The bomb changed time for her. “I could not make an appointment longer than a month ahead,” given many hibakusha friends died from unpredictable bleeding. “The past is always present and the future is never countable.” A friend observed of Hayashi, “[The] quietness in her seems to flow from her sustained mourning over those who lost their lives in the Nagasaki bombing. Every hibakusha knows their survival carries within it the wailing and silence of the dead.” (1)
In one of her many published stories, Hayashi invents a new calendar, the “A-bomb calendar” which designates 1945 as the first year. Why? “The significance of the birth of Christ or Buddha pales in comparison,” with the event that demonstrated that “humans had gained the means to destroy their own species, all other species and the earth.” (1) Her words reverberate with the grave ruminations of the renowned biologist and author of Silent Spring, Rachel Carson. “In the days before Hiroshima,” she imagined the powerful and inviolate realms of nature, like the sea and vast water cycles, to be beyond human destructive power. “But I was wrong. Even those things that seemed to belong to the eternal verities are not only threatened but have already felt the destroying hand of man.” (2)
Fifty four years after surviving the bomb, Hayashi journeyed from Japan to the Trinity Site in New Mexico, the site of the first atomic bomb explosion, a national landmark since 1975, and “a hibakusha’s birth place,” as she deems it. She may be the sole survivor of the atomic bombs to have made this morbid pilgrimage.

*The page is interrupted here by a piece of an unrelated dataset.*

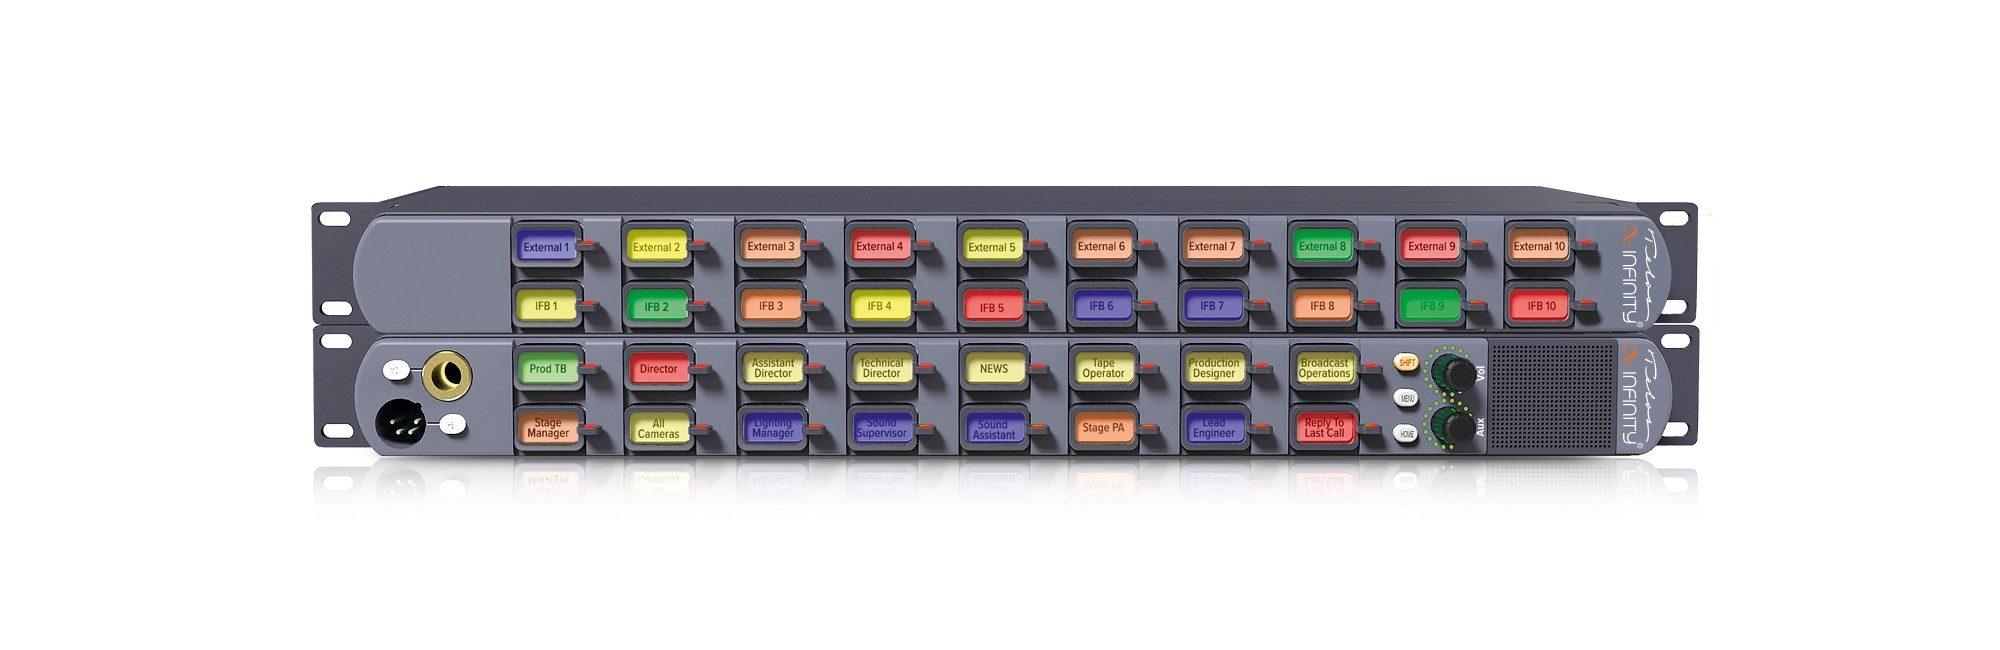 Système d'Intercom Telos Infinity

At Trinity Site and also in her visits to Los Alamos and the National Atomic Museum, she was startled to see that all the visitors were white, no Black, Asian (other than herself and a friend) or Mexican visitors. Standing in “Ground Zero” at Trinity Site, she looks out to the red mountains and wilderness beyond and suddenly senses a kinship with desert plants and animals. “Until now as I stand at Trinity Site, I have thought it was we humans who were the first atomic bomb victims on Earth. I was wrong. Here are my senior hibakusha. They are here but cannot cry or yell.” (1)
After viewing museum films that lionized the scientists of the atomic bomb project, she writes, “I understand winners create a proud history…[but] the world did not need your experiment.’’ (1) Hayashi’s bitter words echo the stark sentiment expressed by Admiral William Halsey, Commander of the Third Fleet, in 1946: “The first atomic bomb was an unnecessary experiment…It was a mistake to ever drop it.” And before Congress in 1949, he testified that “bombing–especially atomic bombing–of civilians is morally indefensible.” (3)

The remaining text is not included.